REBusiness: What kind of interest are you seeing in single-family rental (SFR) and built-for-rent (BFR) product?
Stevens: In the Midwest, our Copper Bay SFR portfolio is the first big portfolio of SFR in the area. We’re gauging interest and types of buyers that are out there looking for that kind of property. It’s been a change in investment process to really focus on the renter who wants a single-point entry to his or her home. We saw that townhome product, that “through-the-garage-into-your-living-room product,” has really had a lot of appeal versus multiple touch points in conventional assets.
REBusiness: Looking ahead to 2022, what opportunities do you see for multifamily investors?
Stofflet: I think it will continue to be very hard to buy in the smile states, especially the Southeast, due to the incredible amount of competition down there.
We see the opportunity in the Midwest as we continue to see real rent growth. Kalamazoo, for example, had the highest rent growth in the Midwest this year.
I think if people are looking for a yield play in 2022, they will look at Columbus, Indianapolis and Chicago. I think that’s where you will find yield and probably a little bit less competition.
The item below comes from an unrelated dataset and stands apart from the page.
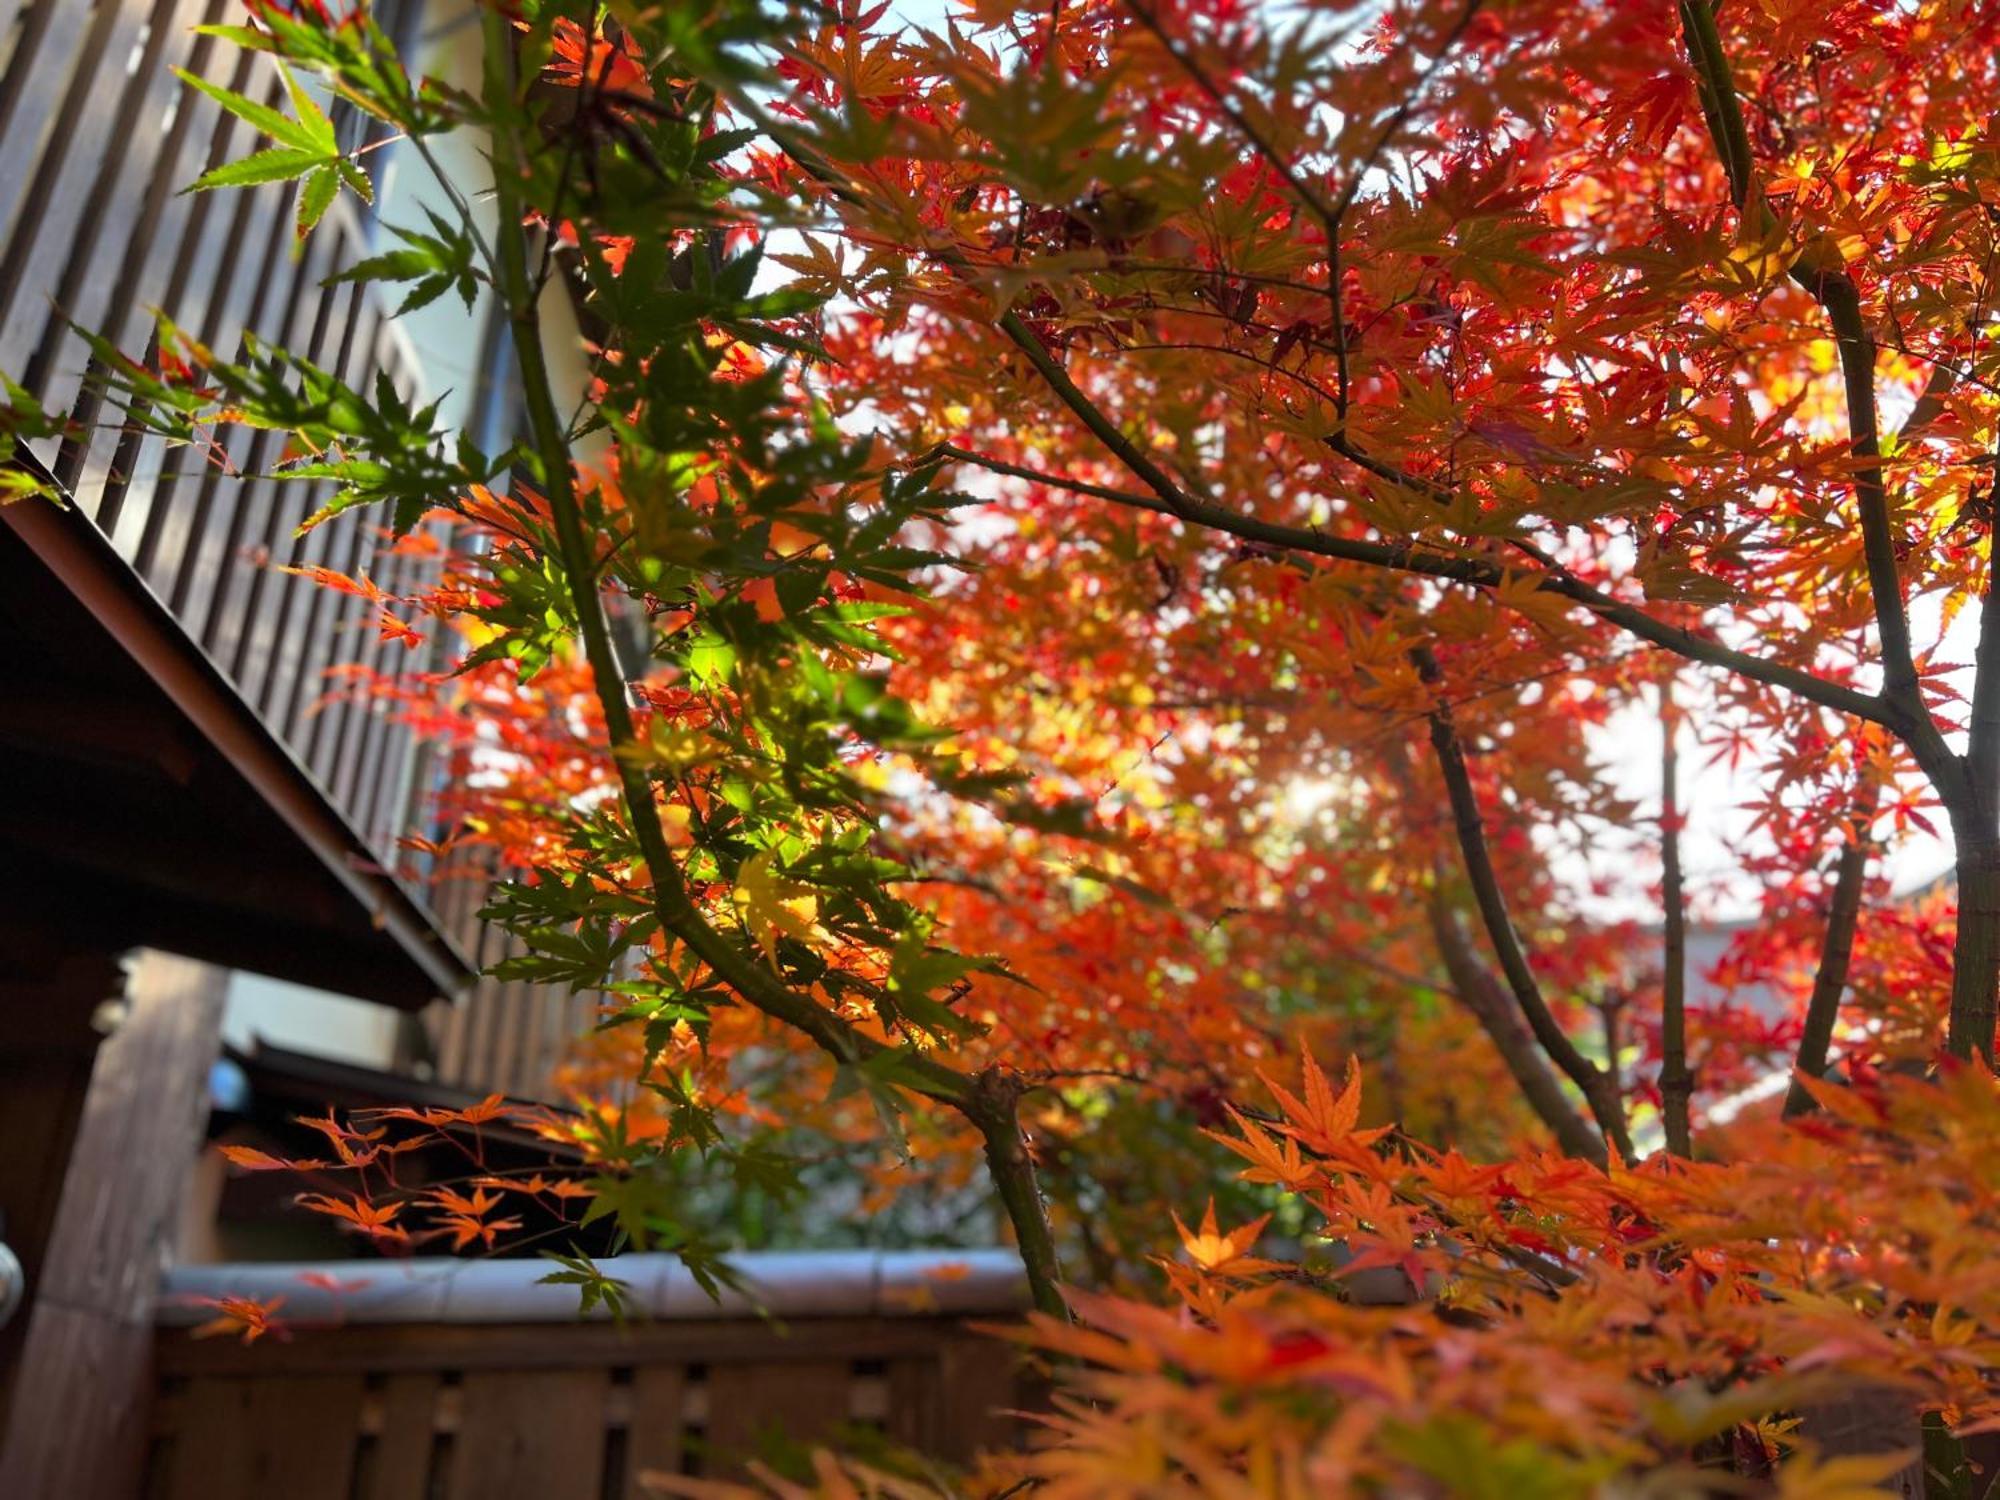 Villa Imakumano Terrace - Dohachi An 道八庵 à Kyoto Extérieur photo

Stevens: A lot of investors are looking at what they call “in-migration” markets — Charlotte, for example. But Chicago itself is an “in-migration” market. And the people that are coming in and replacing those that are leaving are generally younger and wealthier. We’re an upwardly mobile market, although that’s not universally understood.
Stofflet: I think you’ll also see a resurgence of the urban core soon. I think people have spent enough time understanding that for the population centers in the United States, there has not been the mass exodus that was being played up in the media. For the most part, the major markets have good control on deliveries and new construction. Moving forward, I think there’s a lot of attractiveness to buying in urban centers, and we’ll see more transaction volume out of these large population centers than we did over the last two or three years.